Pershing Square’s 7 Bullish Analyst Targets

Banks and brokerages often release 12 to 18 month price targets for the stocks they cover. Analyst upgrades and downgrades alone can often impact a company’s stock price.

“In the short run, the market is a voting machine but in the long run, it is a weighing machine.” – Benjamin Graham

The table below ranks stocks in Pershing Square’s portfolio with most bullish analyst targets:

Pershing Square 7 Bullish Analyst Targets
Ticker Name Upside (Analyst Target) % Of Portfolio
PAH PLATFORM SPECIALTY PRODS COR 25.3% 8.1%
HHC HOWARD HUGHES CORP 22.1% 6.3%
UTX UNITED TECHNOLOGIES CORP 20.3% 5.1%
QSR RESTAURANT BRANDS INTL INC 17.5% 28.6%
MDLZ MONDELEZ INTL INC 17.3% 14.0%

Platform Specialty Products Corporation (NYSE: PAH) appears to be the most undervalued stock in the fund based on the average price target from Wall Street analysts.

Howard Hughes Corporation (The) (NYSE: HHC) appears to be the second most undervalued stock in the portfolio. The company’s upside of 22.1% is very intriguing. With 20.3% margin of safety, United Technologies Corporation (NYSE: UTX) is the third most attractively priced security.

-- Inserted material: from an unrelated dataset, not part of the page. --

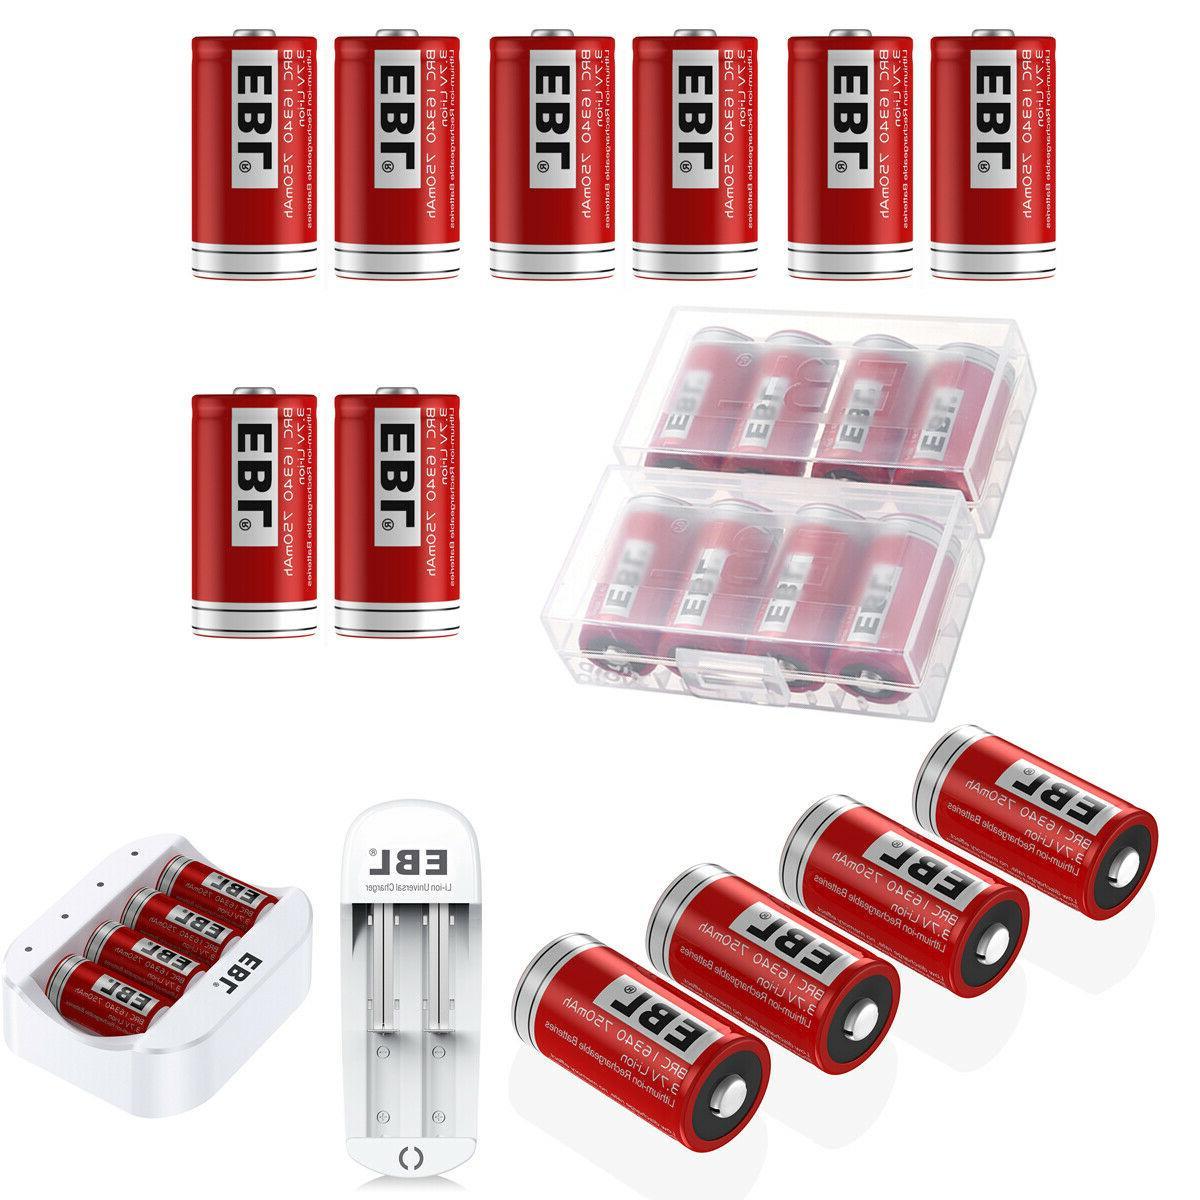 3 7v 16340 cr123a li ion rechargeable

Why Follow Bill Ackman’s Portfolio?

Herbalife (NYSE: HLF). Valeant Pharmaceuticals (NYSE: VRX). Target (NYSE: TGT). These are just a few of the companies that activist investor Bill Ackman has muscled his way into, some of which have left him tattered and others have catapulted him to billionaire status.

When Ackman invests, he places billion-dollar bets on a handful of companies. This Indiana Jones approach has led to some bruising defeats, including a nearly $4 billion loss from a misplaced Valeant position. With rare humility, Ackman apologized to his investors for what he coughed up as a mistake.

One of Ackman’s most infamous bets was his multi-year $1 billion short position on weight loss and nutritional supplements play Herbalife, a position he abandoned amid the rise of the company’s stock despite Ackman’s cries of a pyramid scheme. Although Ackman and Pershing Square have struggled recently, the hedge fund does have a track record of producing strong returns for investors.

The ideas section of finbox.io tracks top investors and trending investment themes. You can get the latest data on the holdings discussed above at the Pershing Square page.

As of this writing, I did not hold a position in any of the aforementioned securities and this is not a buy or sell recommendation on any security mentioned.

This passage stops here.